Last week Nam Tai reported a 30% sequential rise in Q revenues, and their net margin from their ECM business in China hit 20% before taxes!!! This up from 11.5% last quarter and historical levels of 8-11 %.
Since Flextronics is one of the largest ECM operations in China, if this is an indication of a strong ECM market there, this could bode really well for FLEFE.
I'm starting to see more and more things going positive for this stock. Over the last 6 months or so its been some depressing and confusing news. But now it looks to me the SEC inquiry will be "Much Ado About Nothing", the markets Flextronics has expanded into, China, Mexico, and San Jose are booming and capacity in the last two is filled, Ericsson has put out a good earnings report, and the sector multiple is climbing. Looks like the Magic Three Factors are in place for FLEFE: 1. Higher revenue growth. 2. Higher profit margins. 3. Higher stock PE multiple.

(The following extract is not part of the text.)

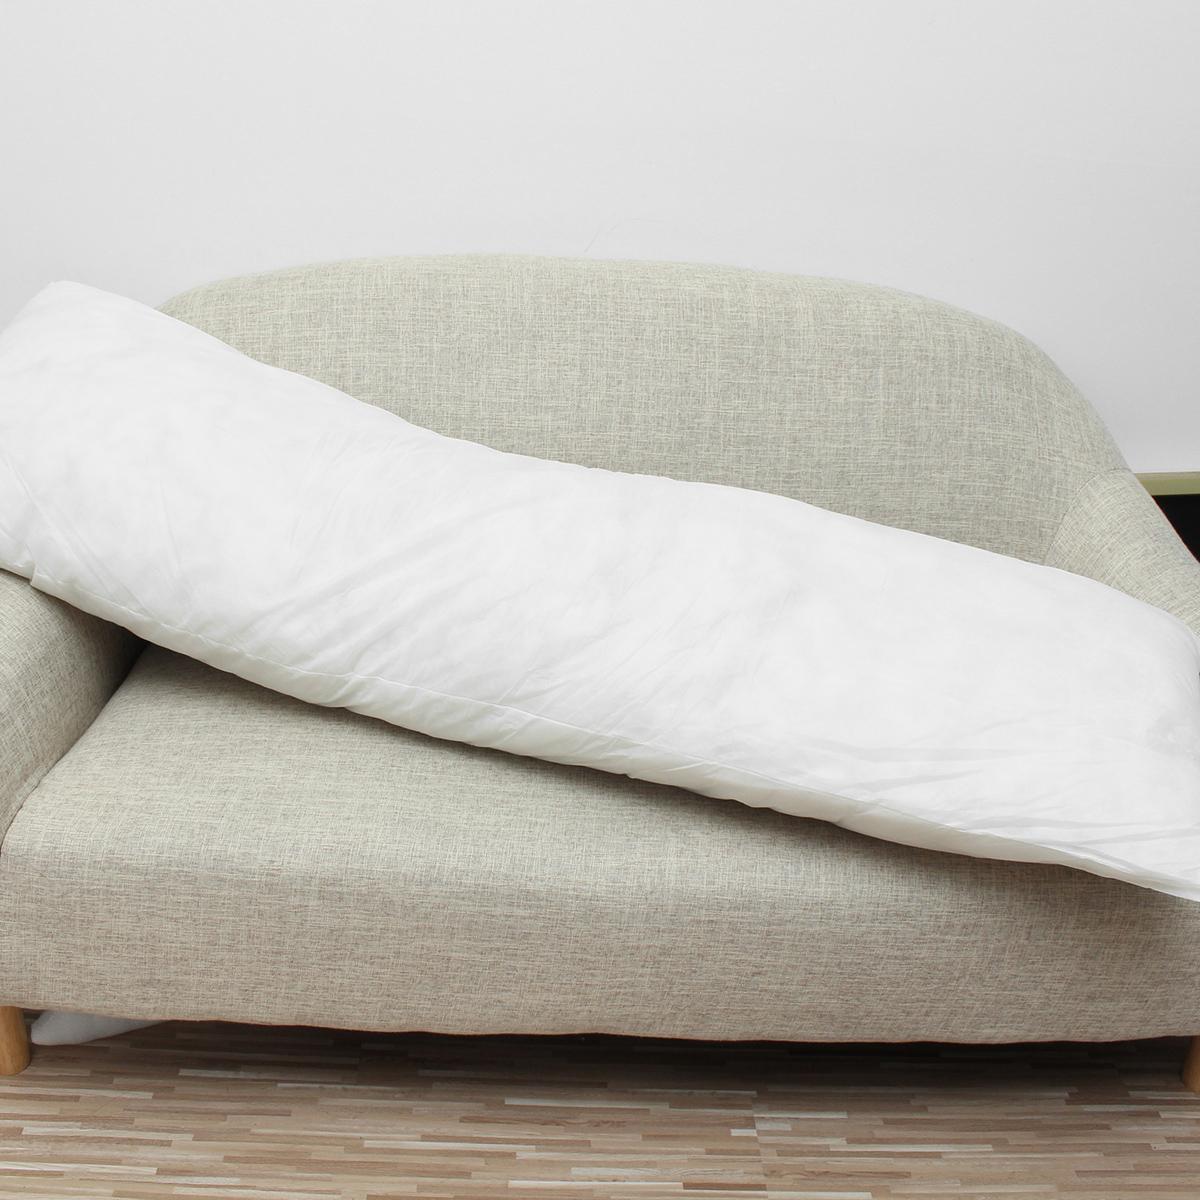 DIY Pillows 150cm 50cm New Anime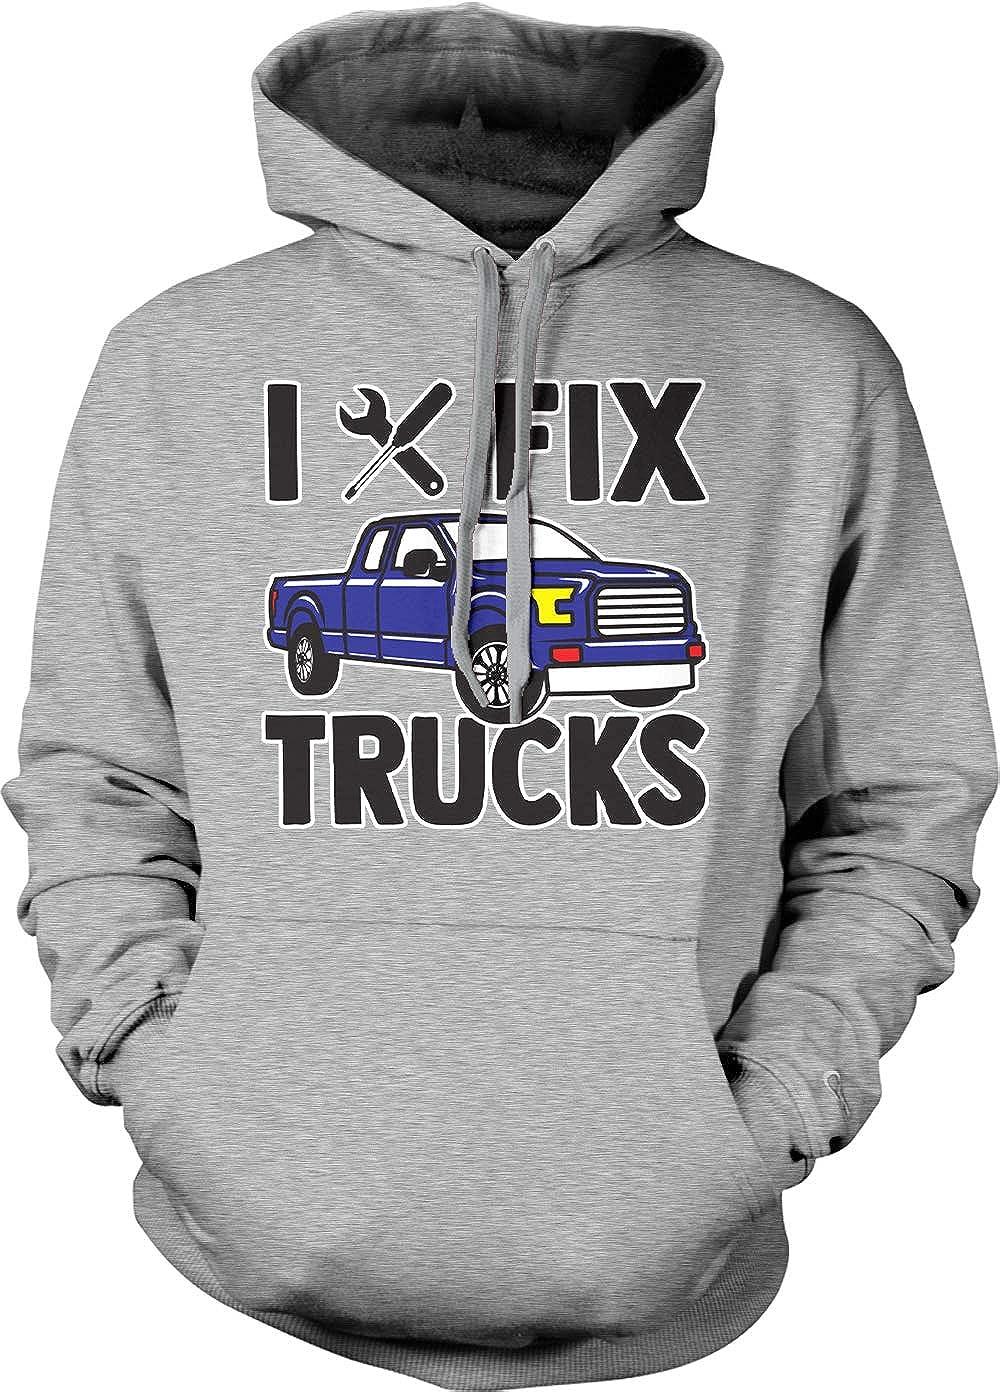 I Fix Trucks Auto Mechanic Gearhead Unisex Hoodie Sweatshirt

These factors are the reason my largest ECM holding is FLEFE, by far.
BTW, they plan to sell the secondary shares after the SEC inquiry is complete, and the financials are released. Rumor is that they will only sell 1.5M shares. They will collect about $45M net on 1.5M shares at the current price, which is more than the $35M net they would have collected on the 2.0M shares they planned to sell in Feb/March. All in all by delaying so far they will have made a difference of this $10M plus $17M worth of shares on the 0.5M reduction in the number of shares they won't have to sell.
If you read about some of the details of the purchase of the Karlskrona plant on the SEC Edgar site, they are required to maintain a certain debt/equity ratio. This could be one of the driving forces behind the secondary offering. I wonder if Marks used the SEC inquiry on the Astron accounting issue to delay the secondary until he had the Jun Q earnings report out? Well at least, may be they didn't rush through the response to the SEC inquiry as fast as they might have. They couldn't very well do the secondary until the SEC inquiry was finished, could they? And why would Marks rush to sell shares to the public at 21, when he and other insiders just bought shares at 25 in February?
This whole issue has really worked to the benefit of the shareholders. Seems to me that Marks is "smarter than the average bear".